In contract law, there are two doctrines that have similarities but are indeed different. These doctrines are known as novation and modification. There are times you may want to make arguments relative to these doctrines because they are important for your theory of the dispute. Thus, you want to make sure you understand them so you can properly plead and prove the required elements to substantiate the basis of the theories. Understanding the elements will help you understand the evidence you will need to best prove your factual theories.
A novation is essentially substituting a new contract for an old contract.
“‘A novation is a mutual agreement between the parties for the discharge of a valid existing obligation by the substitution of a new valid obligation.’” Thompson v. Jared Kane Co., Inc., 872 So.2d 356, 361 (Fla. 2d DCA 2004) (citation omitted). To prove a novation, a party must prove four elements: “(1) the existence of a previously valid contract; (2) the agreement of the parties to cancel the first contract; (3) the agreement of the parties that the second contract replace the first; and (4) the validity of the second contract.” Id. at 61. Whether the parties consented to the substitute contract can be implied from the factual circumstances. Id.
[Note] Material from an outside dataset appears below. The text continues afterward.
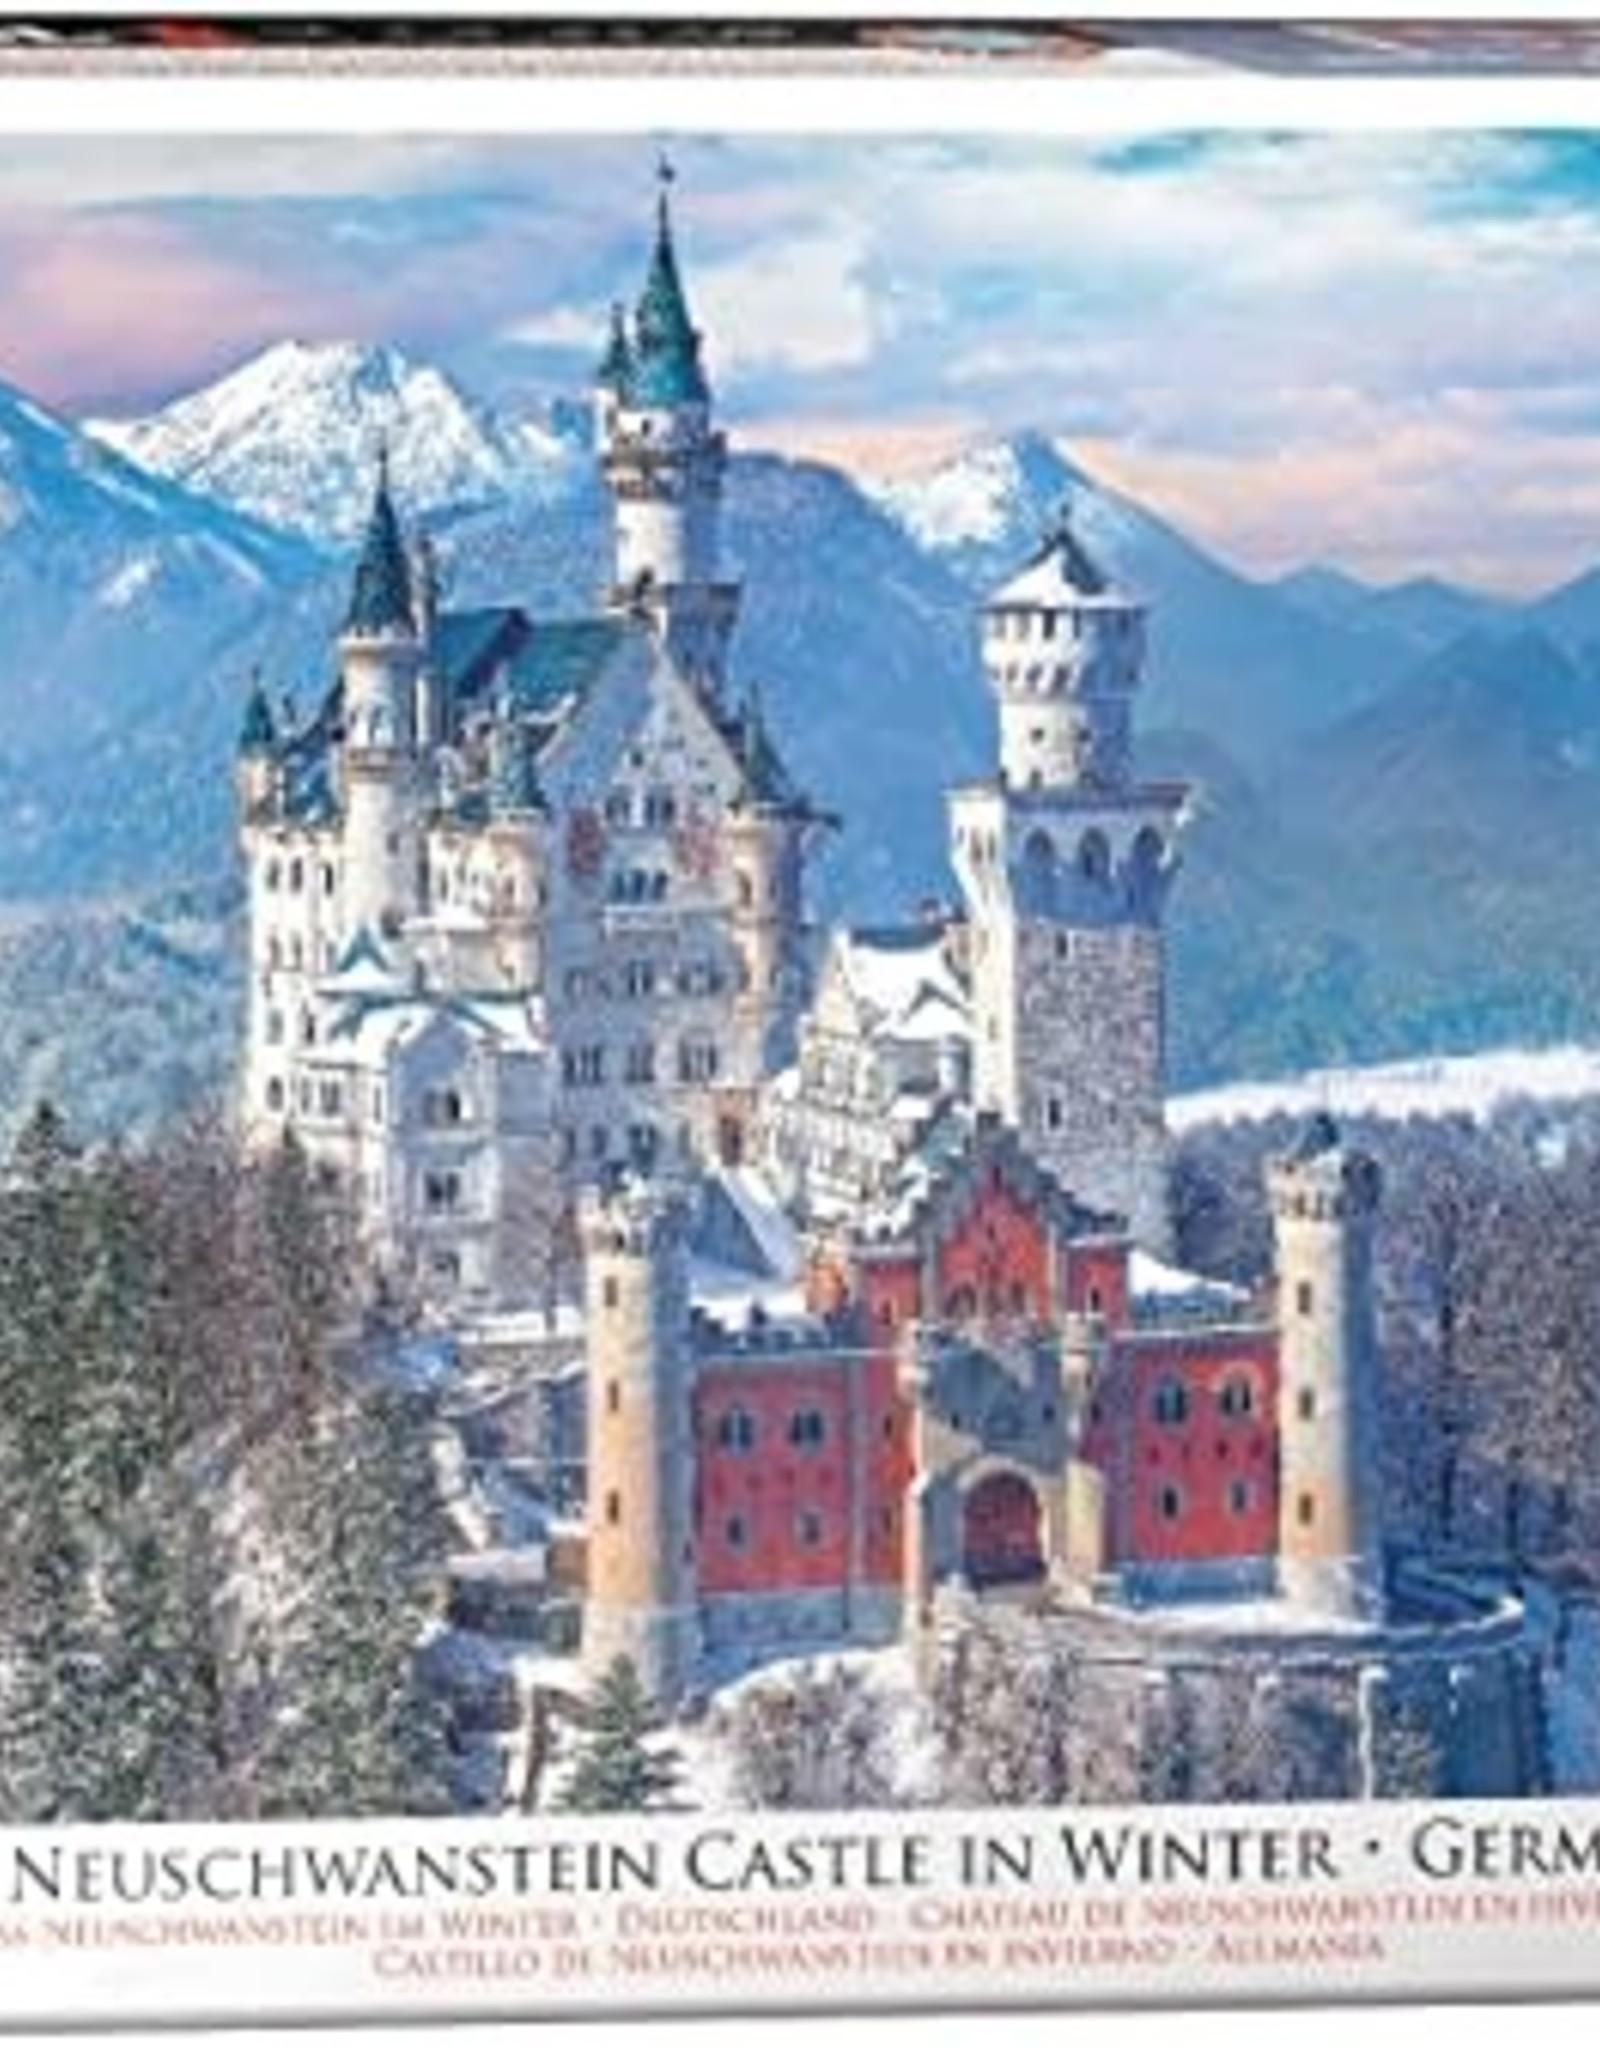 Eurographics Neuschwanstein in Winter 1000pc

Parties are more familiar with a modification because it is not uncommon that parties may agree to modify contractual terms. The contract remains in effect but certain terms or obligations are modified. For example, a change order to a contract is a modification.
A modification, unlike a novation, “merely replaces some of the terms of a valid and existing agreement while keeping those not abrogated by the modification in effect.” Bornstein v. Marcus, 275 So.3d 636, 639 (Fla. 3d DCA 2019).
When determining the scope of a modification to a contract, the following principles control: (1) “individual terms of a contract are not to be considered in isolation, but as a whole and in relation to one another”; (2) “the proper resolution of any inconsistency … is best determined by the manner in which the parties actually perform under it”; and (3) “an amendment to an agreement is designed to serve some useful function, and its existence is strong evidence, therefore, that the contract was changed from what the parties believed and intended was provided before.”
Marcus, supra, at 640 (citations omitted).
Remember, there is a difference between a modification and a novation. Understanding this distinction may come into play in a dispute you have relative to a contract you entered into.